The pitch by then had deteriorated and was expected to help spin. Ghulam Parkar and Vengsarkar opened the batting for Bombay in the 2nd innings and put on 72. Bhat dismissed Vengsarkar and soon had Suru Nayak giving him a return catch to leave Bombay at 107 for 2.
Bhat and fellow spinner B. Vijayakrishna went through the middle order to leave Bombay at 160 for 6. Sunil Gavaskar unusually walked to bat at number 8 and soon faced trouble from the spin of Raghuram Bhat. Gavaskar had earlier decided to bat left handed against Bhat, but was talked out of it by Bombay team manager Sharad Diwadkar. Sensing that he had no chance against Bhat, Sunil Gavaskar decided to bat as a left-hander against him. Sunil Gavaskar survived against Bhat batting as a left-hander and against Vijaykrishna batting as a right-hander. Gavaskar batted over 60 minutes as a left-hander and ensured Bombay did not lose outright.
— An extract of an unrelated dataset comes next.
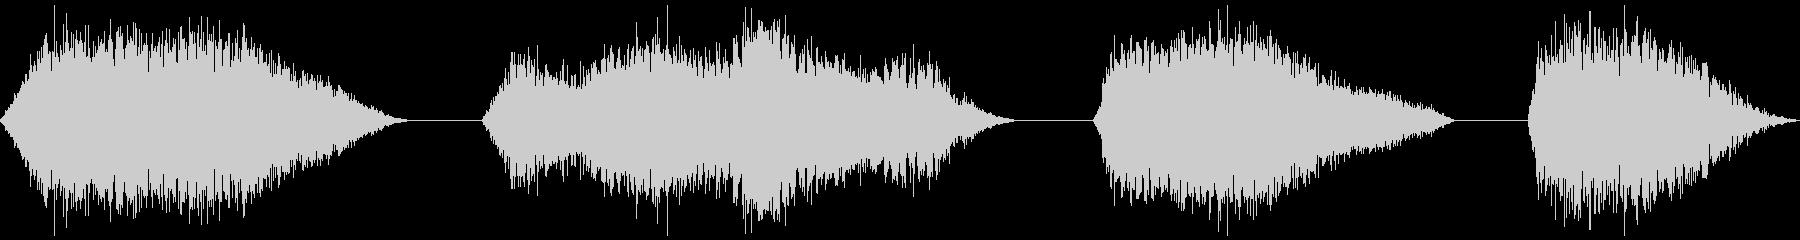 スペーススフィア、4バージョン、振...の未再生の波形

Bombay ended up at 200 for 9. Karnataka went through to the final based on the big first innings lead. Raghuram Bhat ended up with 13 wickets.

==After the Semifinal==
Karnataka lost the final to Delhi despite scoring 705 in the first innings. The next Ranji season proved to be fruitful for Bhat as helped Karnataka win the Ranji trophy for the 3rd time, beating Bombay on first innings lead. He took 4 wickets in the final and capped off a wonderful Ranji trophy campaign.
He played in the Irani Trophy that year and picked up 7 wickets in the game. His performances in the season bought him into the national limelight and he was selected for the upcoming series against Pakistan.

==International career==
Raghuram Bhat played his first test against Pakistan at Vidarbha Cricket Association Ground, Nagpur. His first test wicket was Javed Miandad. He later picked up Mudassar Nazar's wicket as well. India drew the game and the series was shared between the 2 arch rivals.
Raghuram Bhat's next test was against the West Indies at the Green Park Stadium in Kanpur. Bhat picked up the wickets of Clive Lloyd and Gus Logie. India lost the test by an innings and 83 runs. This test also marked the end of Bhat's international career as he was dropped from the Indian team.

==Later domestic career==
Raghuram Bhat was one of the stalwarts for Karnataka. He along with B. Vijayakrishna bore the bulk of the bowling workload of Karnataka. He ended up with 343 wickets in the Ranji Trophy. He retired after the 1992-93 pre-quarter final against Madhya Pradesh

==After cricket==
Since he retired from first-class cricket Bhatt has served in many capacities - as umpire, administrator and coach. In July 2011, he was appointed as the coach of the Goa cricket team.

==In popular culture==
A reference is made to the incident where Sunil Gavaskar batted left handed against Raghuram Bhat in the Kannada movie Ganeshana Maduve.